Building on the deemphasis of the importance of constituency, we move to dependency grammar. If you are not tied to the idea that constituents are underlyingly continuous, then the issues faced by discontinuous constituents goes away. For example, ignoring constituency is effectively how dependency grammar (Tesnière 1959) handles the problem of discontinuous constituents. As an example, the dependency parses of (1) and (2) are shown below:

Dependency parse of (1)
Dependency parse of (2)

In the case of (1), we have that [the LSTM] has “trains” as a head and, in the case of (2), we have that [what] has “trains” as a head — this is exactly what we wanted. Here, we do not have an underlying structure in (2) where [train what] is an underlying contiguous constituent.

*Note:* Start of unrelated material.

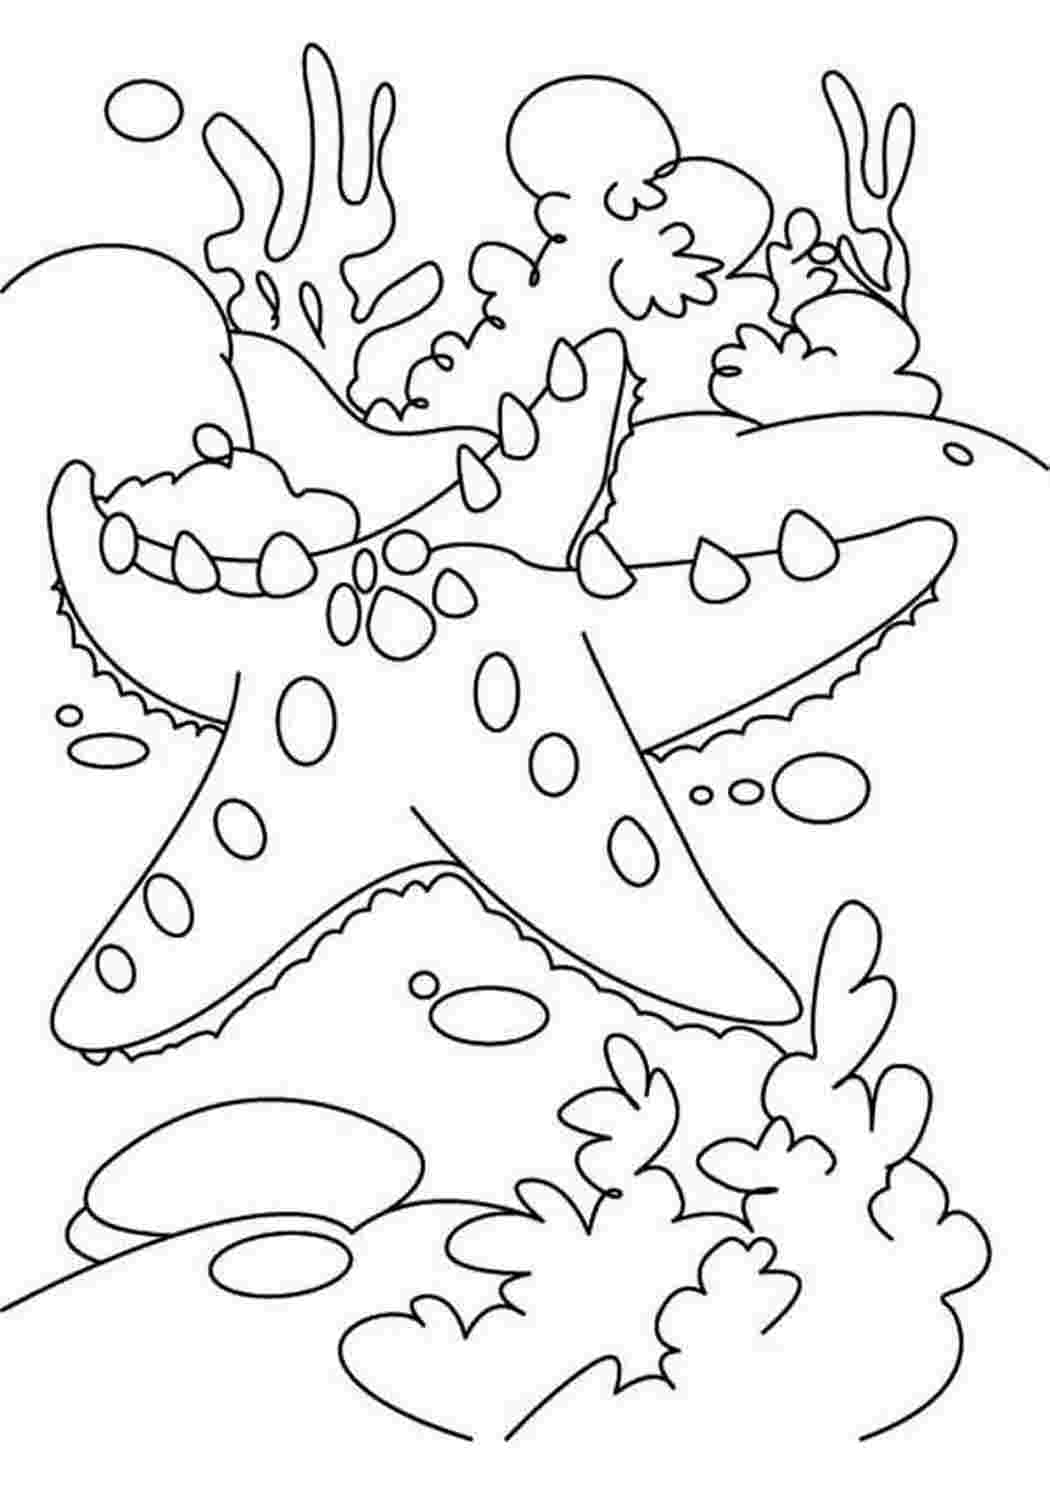 Раскраска Морская звезда для печати — Раскраски для печати бесплатно

In fact, the way we show that “what” has the same relationship to “train” as “the LSTM” does is with an arc labeled with the syntactic relation (here, ‘DOJB’). Indeed, in our assessment, one of the reasons that the Universal Dependencies project annotates dependency trees, rather than constituency trees, is because dependency grammars dispense with needing both an underlying and a surface tree, which would require better trained annotators, to find the underlying positions of many words.

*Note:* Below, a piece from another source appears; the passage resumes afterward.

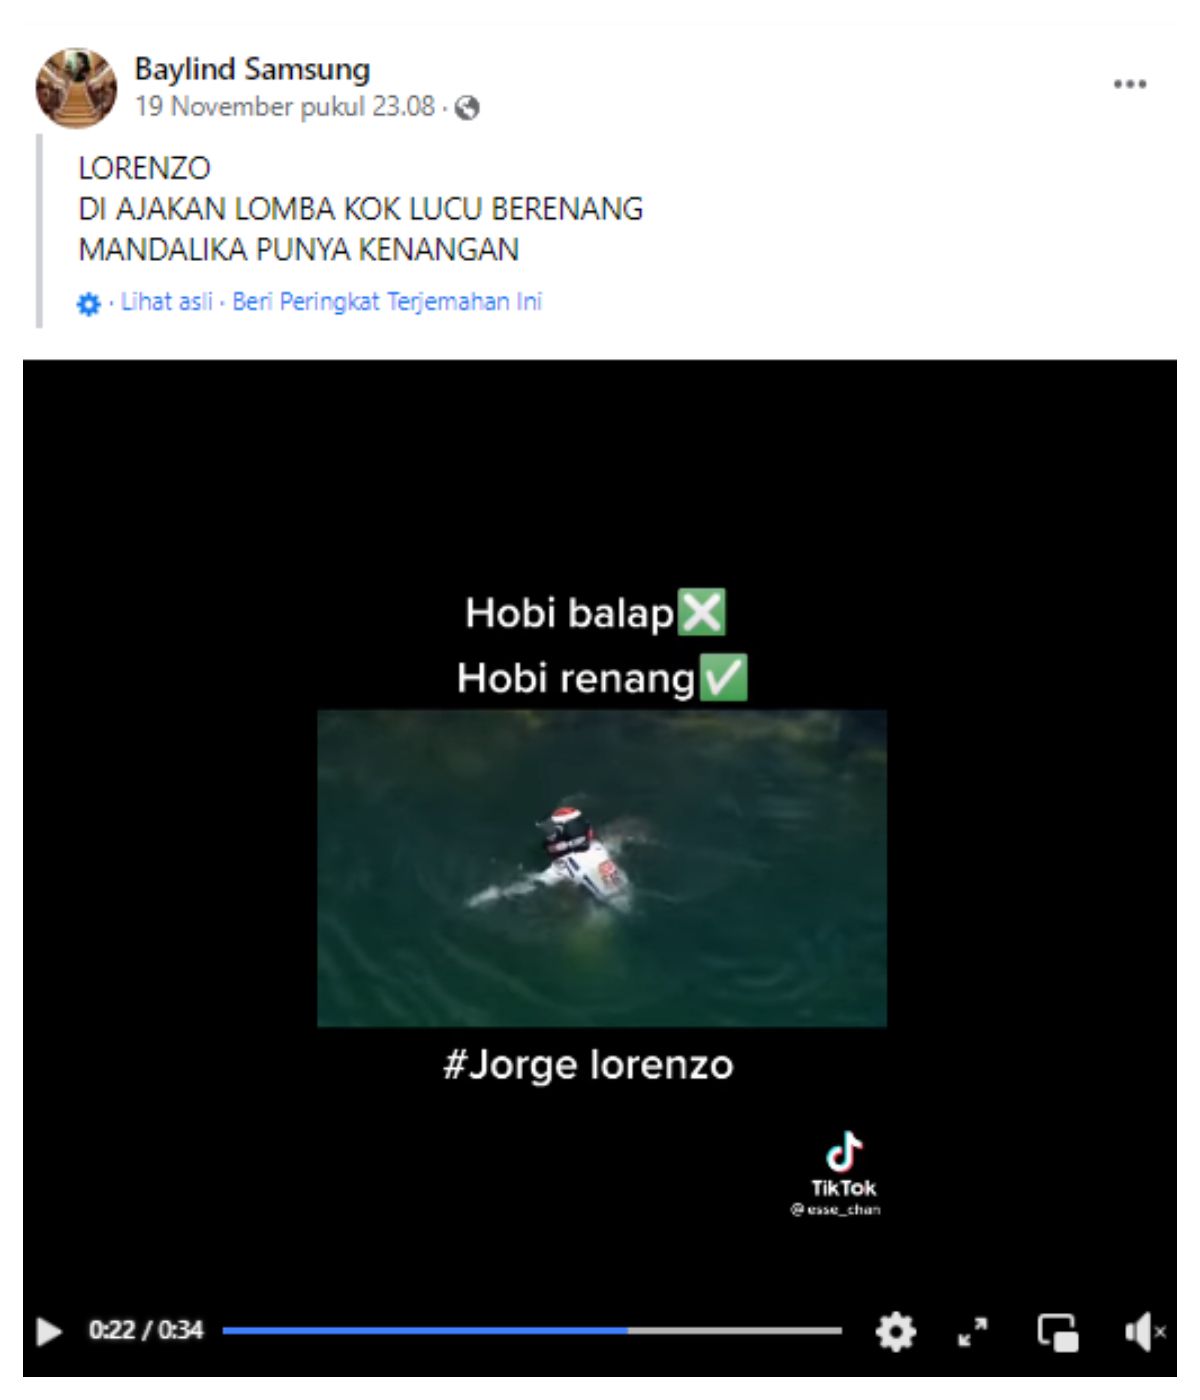 Beredar kabar yang menyebut pembalap MotoGP Jorge Lorenzo berenang di danau dekat Sirkuit Mandalika, simak cek faktanya berikut ini.

As a technical note, both of the dependency parses above are projective, i.e., the arcs do not cross when drawn above the sentence. In a construction given by Johnson (2007), you can transform projective trees into a context-free parse. However, such a transformation will result in a CFG with spurious ambiguity, i.e., there is more than one derivation tree in the grammar that corresponds to a single derived dependency parse. This is problematic, because the different derivation trees exhibit different constituency structure. This means that dependency grammar can be seen as underspecified with respect to constituency structure. Also note that, in the formalization of Kim et al. (2019), a grammar inducer is not required to recover the syntactic heads, which are also specified in dependency grammar. So, a dependency-based grammar inducer has to discover head relationship (more information than Kim et al.’s model discovers), but does not have to discover phrasal constituency boundaries (less information than Kim et al.’s model discovers).

Where to go from here?

Table 1 from Pitler et al (2013)

While English syntax is covered by projective trees relatively well, i.e. > 95%, Table 1 above shows that languages like Dutch are not well covered by such a restriction. In other words, the DMV, as applied to Dutch, could not correctly get the syntax right for more than 63.6%, which is not great. There are natural ways to extend dependency-based grammar inducers to handle non-projective trees, e.g. Cohen et al. (2011) give a model that admits exact inference for non-projective trees, albeit in O(|x|⁸) time. While Cohen et al.’s algorithm for exact marginal inference is quite slow, Carlos Gómez Ródriguez, one of the more innovative researchers in NLP, has a series of recent papers that provide probabilistic models that can be normalized over a set non-projective dependency trees in O(|x|⁴) time. We hope to find some time to meld that line of work with the recent proposal by Kim et al. in the near future.